Why do women go bald?
Female pattern baldness similar to male pattern baldness is mainly genetics and hormones.
In the female body in a normal state there is a male hormone - testosterone. This hormone undergoes natural changes in our body and turns into an androgen called dehydrotestosterone (DHT), which is a hormone that suppresses normal hair growth.
A woman's sensitivity to this hormone is inherited.
A young woman has enough additional hormones such as estrogen that know how to deal with and neutralize the side effects of DHT. As women grow older, the amount of hormones such as the estrogen hormone decreases in the body and there are fewer who will fight the damage caused to the hair follicles and the normal activity of hair growth on the head. The growth cycles are affected and shedding begins which becomes accelerated and eventually baldness can also occur.
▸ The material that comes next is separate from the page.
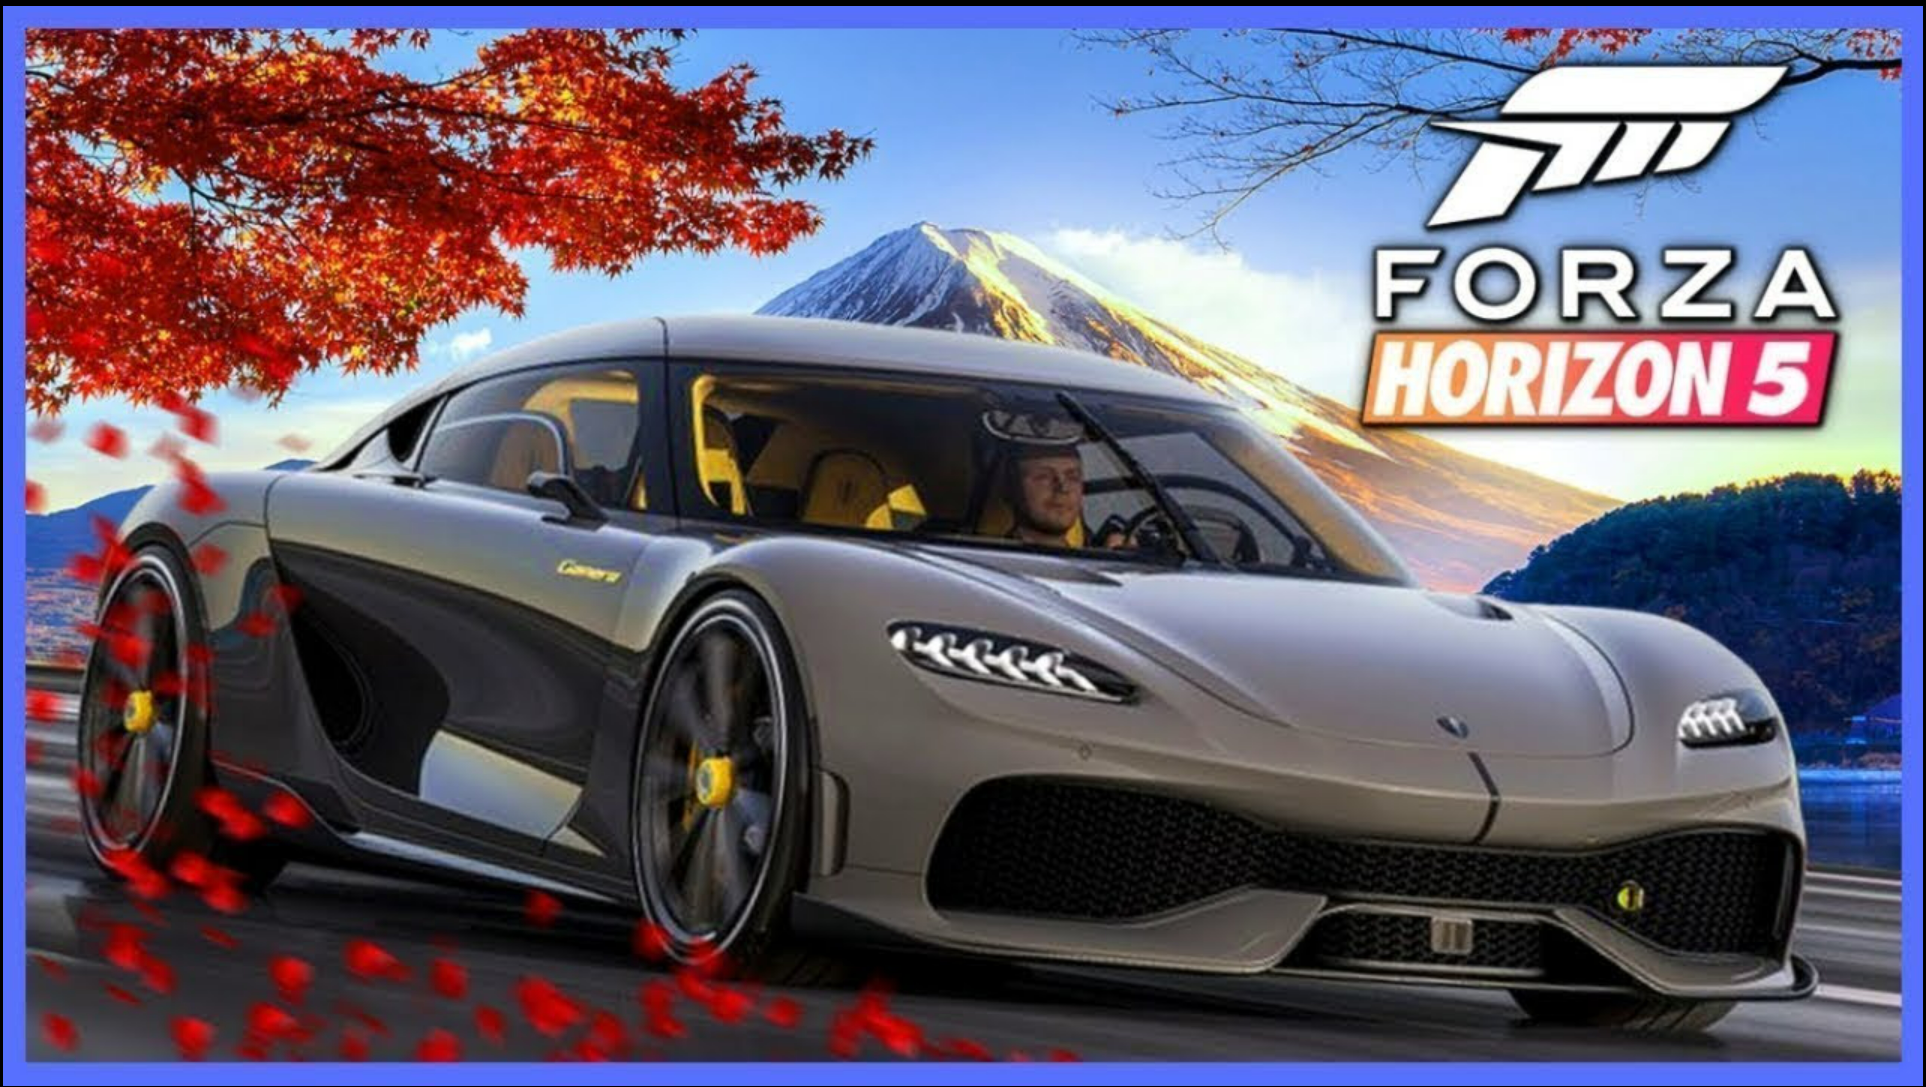 Forza horizon 2021. Форза хорайзен 5. Forza Horizon 5 Premium Edition. Forza Horizon 5 Xbox one. Форза хорайзон 5 гонки.

Female pattern baldness is never complete because women always have, in addition to damaged follicles, hair follicles that are not sensitive to the hormonal damage of DHT and manage to maintain normal activity.
To describe hair loss in women, there is another scale that characterizes different stages in the balding process - the Ludwig scale for female hair loss:

Women can suffer from hair loss after giving birth, this is also considered a common phenomenon due to extreme hormonal changes of the woman during and after pregnancy, different and lacking nutrition during pregnancy due to difficulty eating normally, or after trauma to the body - extreme stress, mental stress, depression and anxiety, poor nutrition , extreme diets, diseases and drugs that characterize female diseases.
Even pulling the hair back into a killer ponytail and tightening it with a rubber band has been described in studies as something that can damage the hair follicles and can cause them to weaken.